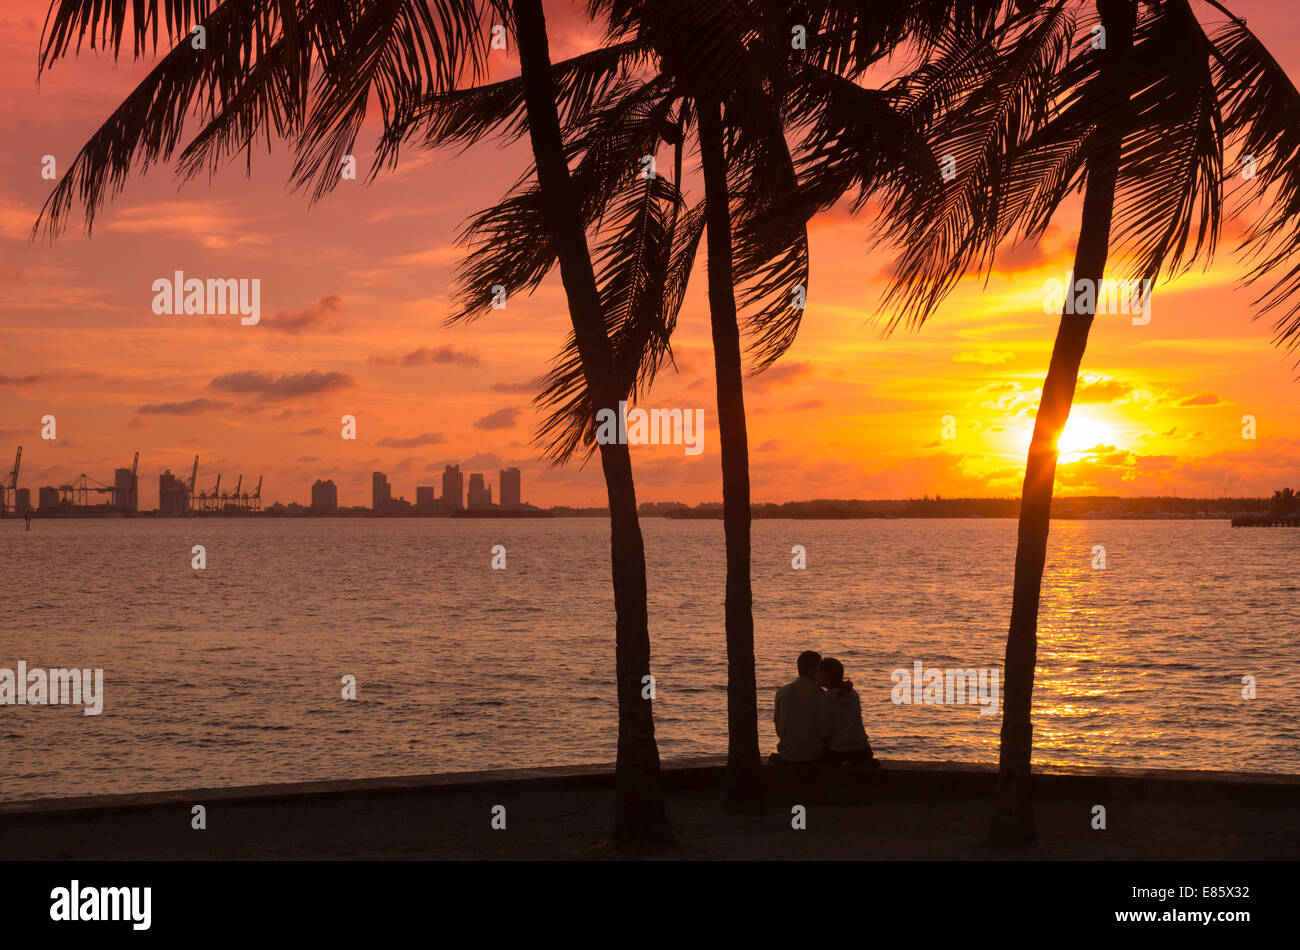 PALM TREES COUPLE SITTING MIAMI BEACH PORT OF SKYLINE BISCAYNE BAY FLORIDA USA
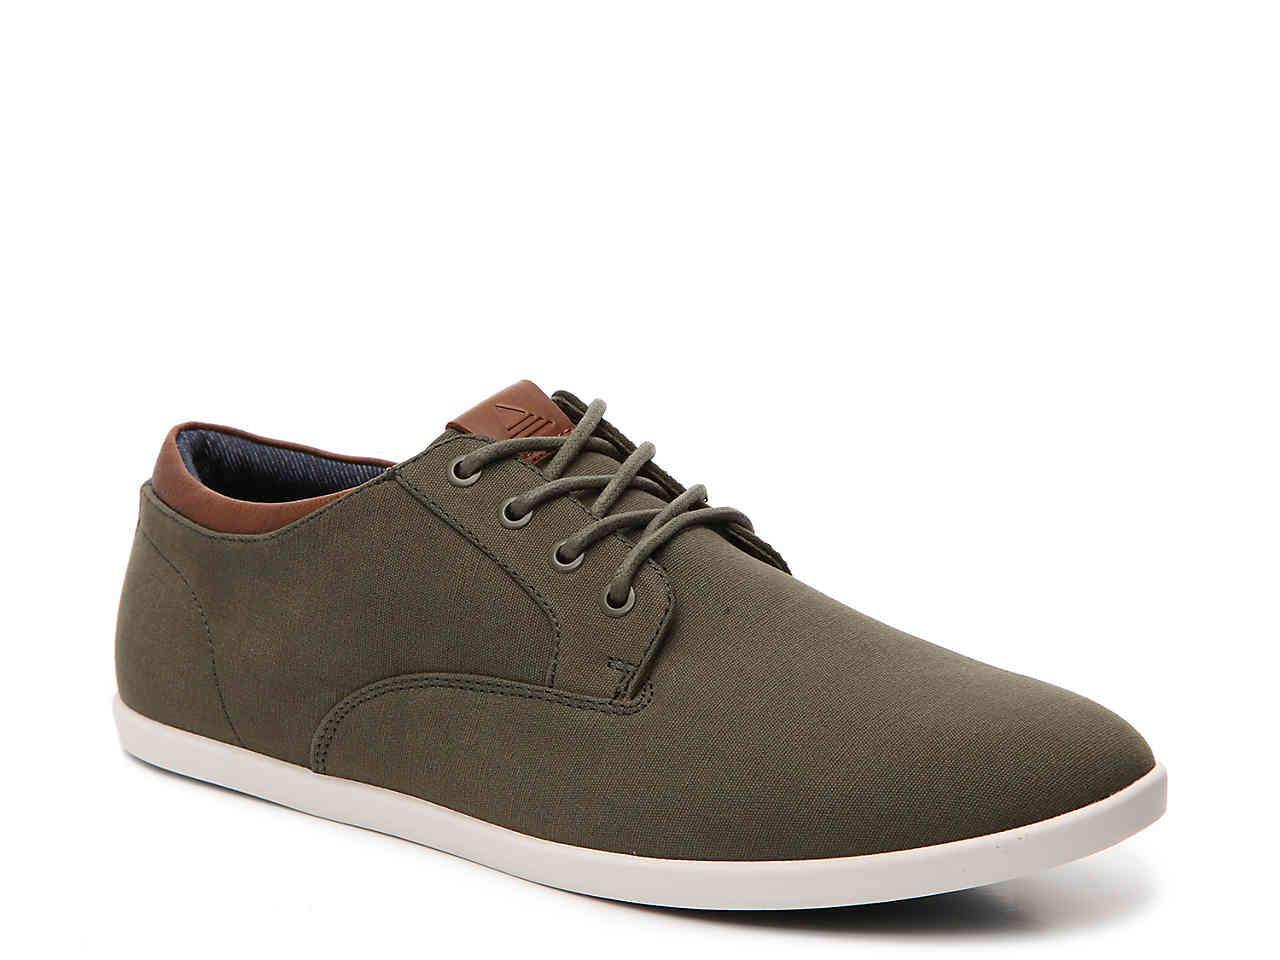 ALDO Canvas Arger Sneaker in Olive
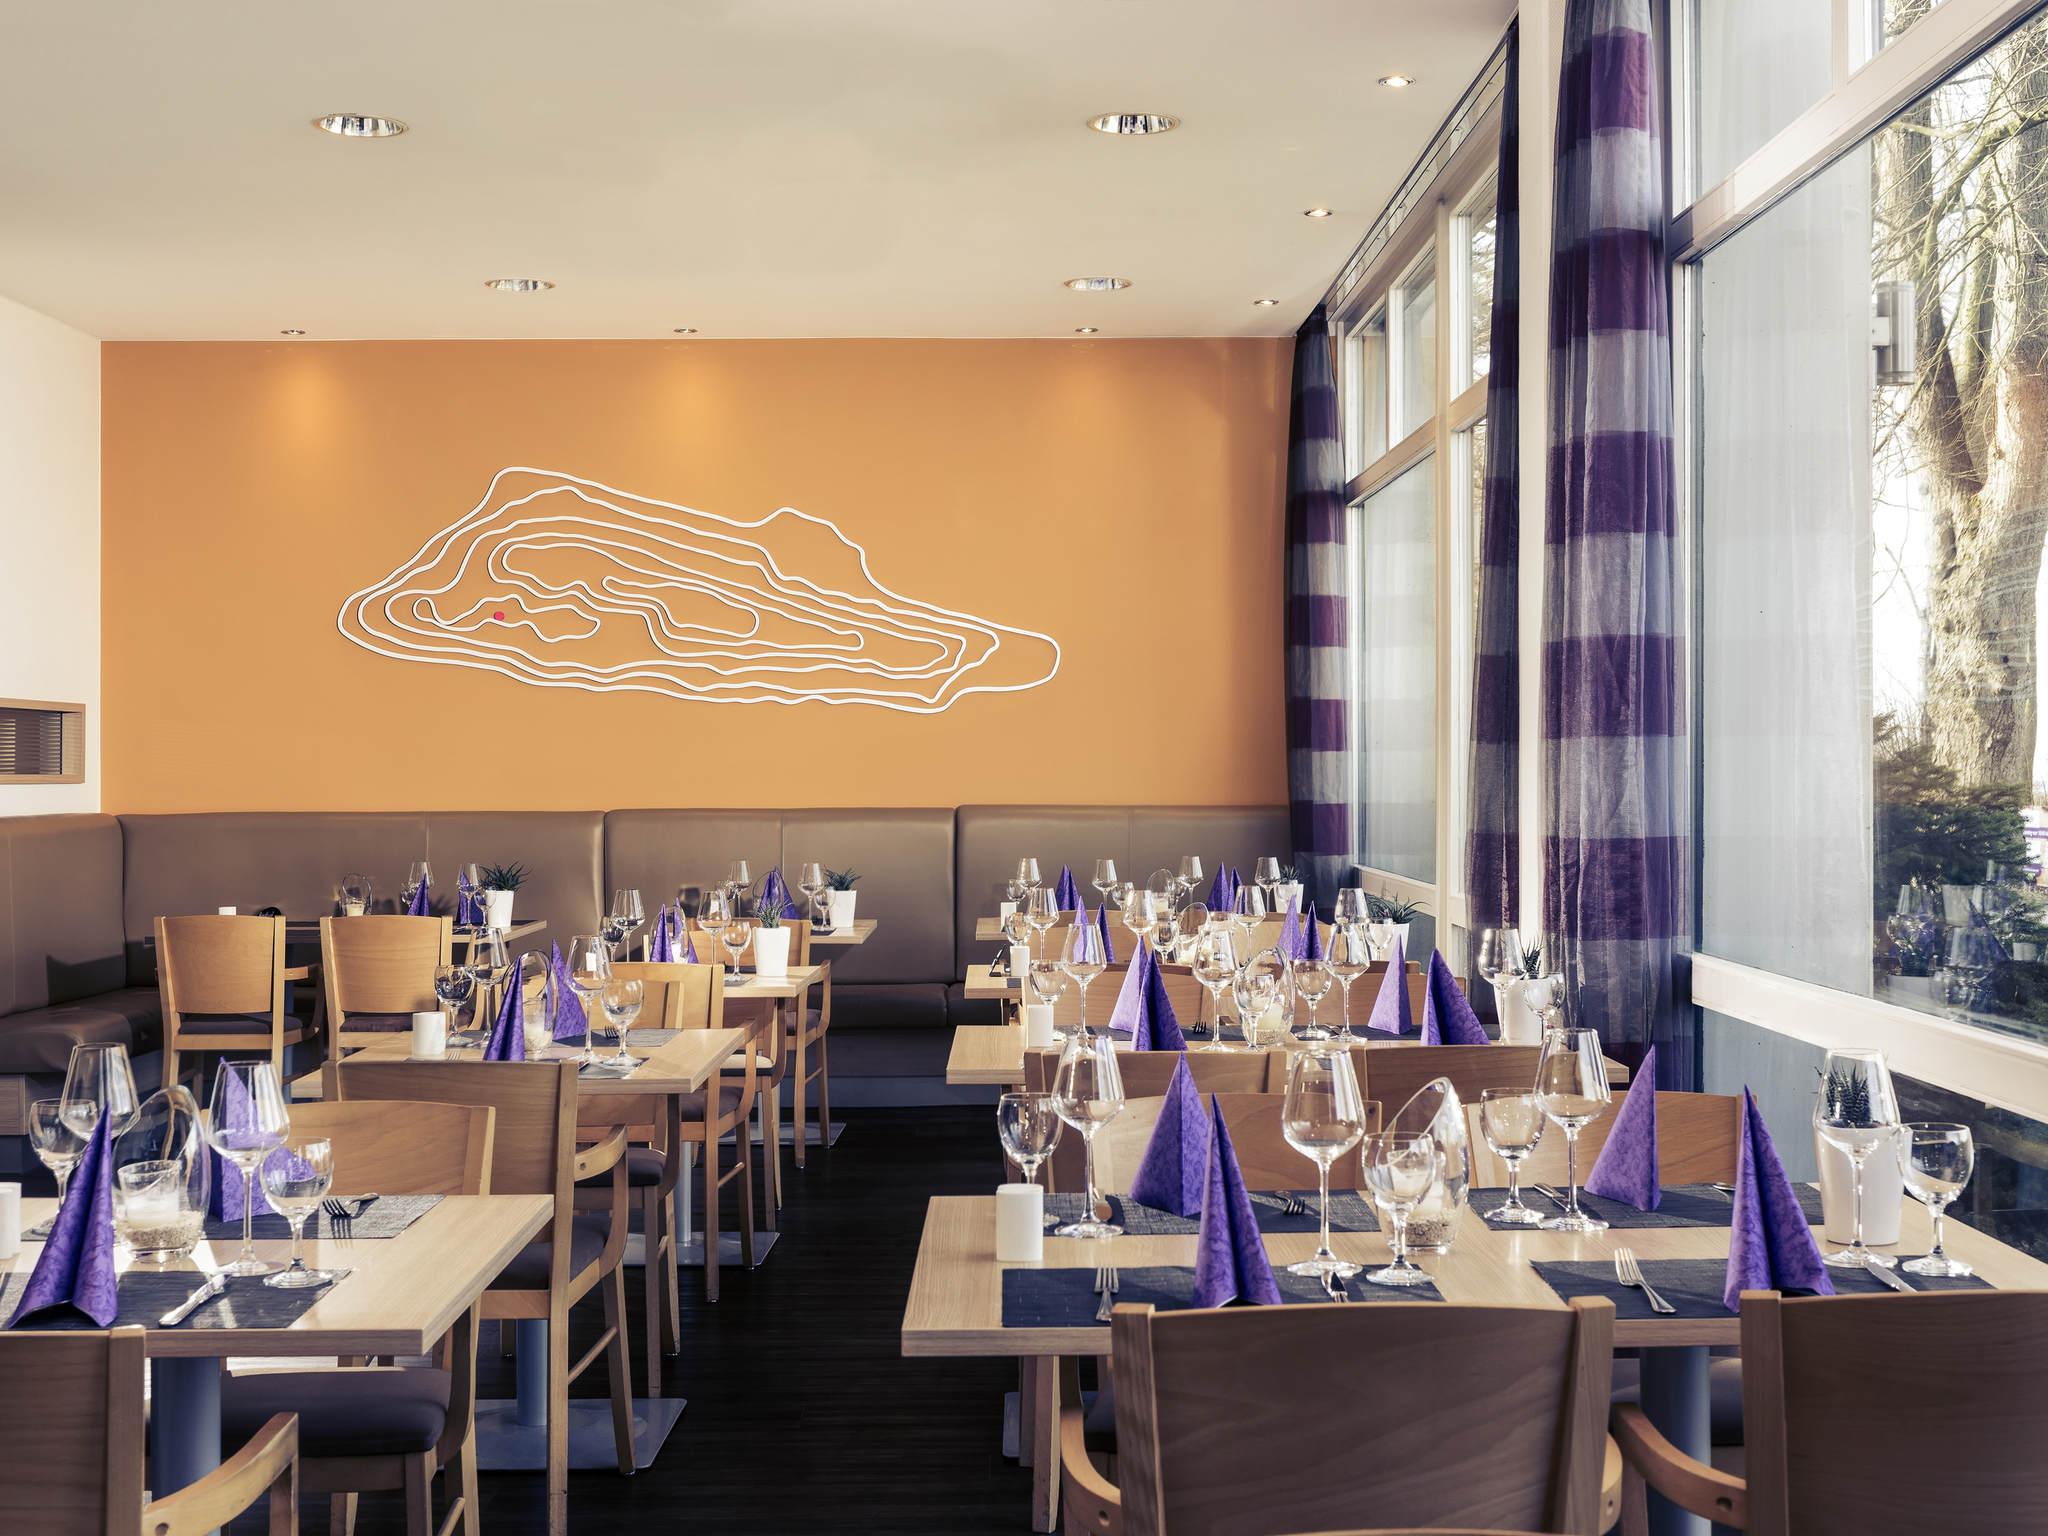 Mercure Hotel Bielefeld Restaurant
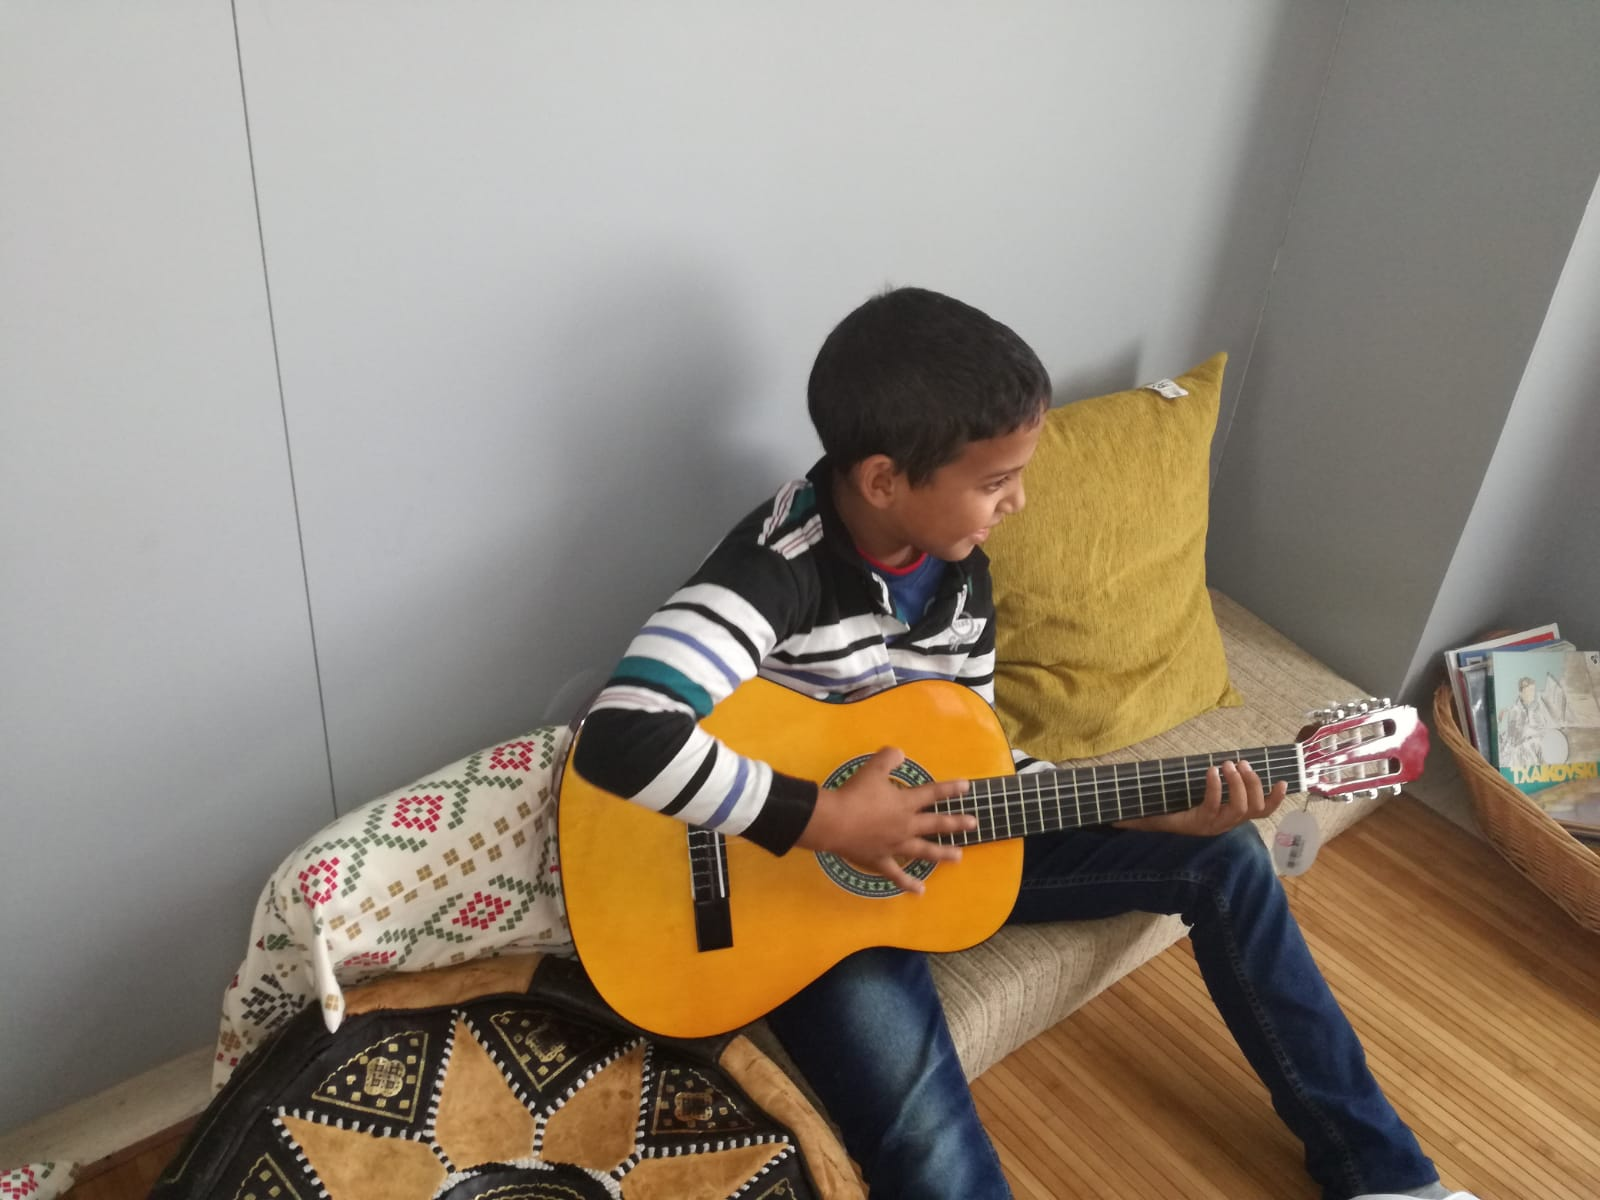 musicart cgs

Task description:
Repeat the data above exactly, images excluded.

Response:
 PALM TREES COUPLE SITTING MIAMI BEACH PORT OF SKYLINE BISCAYNE BAY FLORIDA USA
 ALDO Canvas Arger Sneaker in Olive
 Mercure Hotel Bielefeld Restaurant
 musicart cgs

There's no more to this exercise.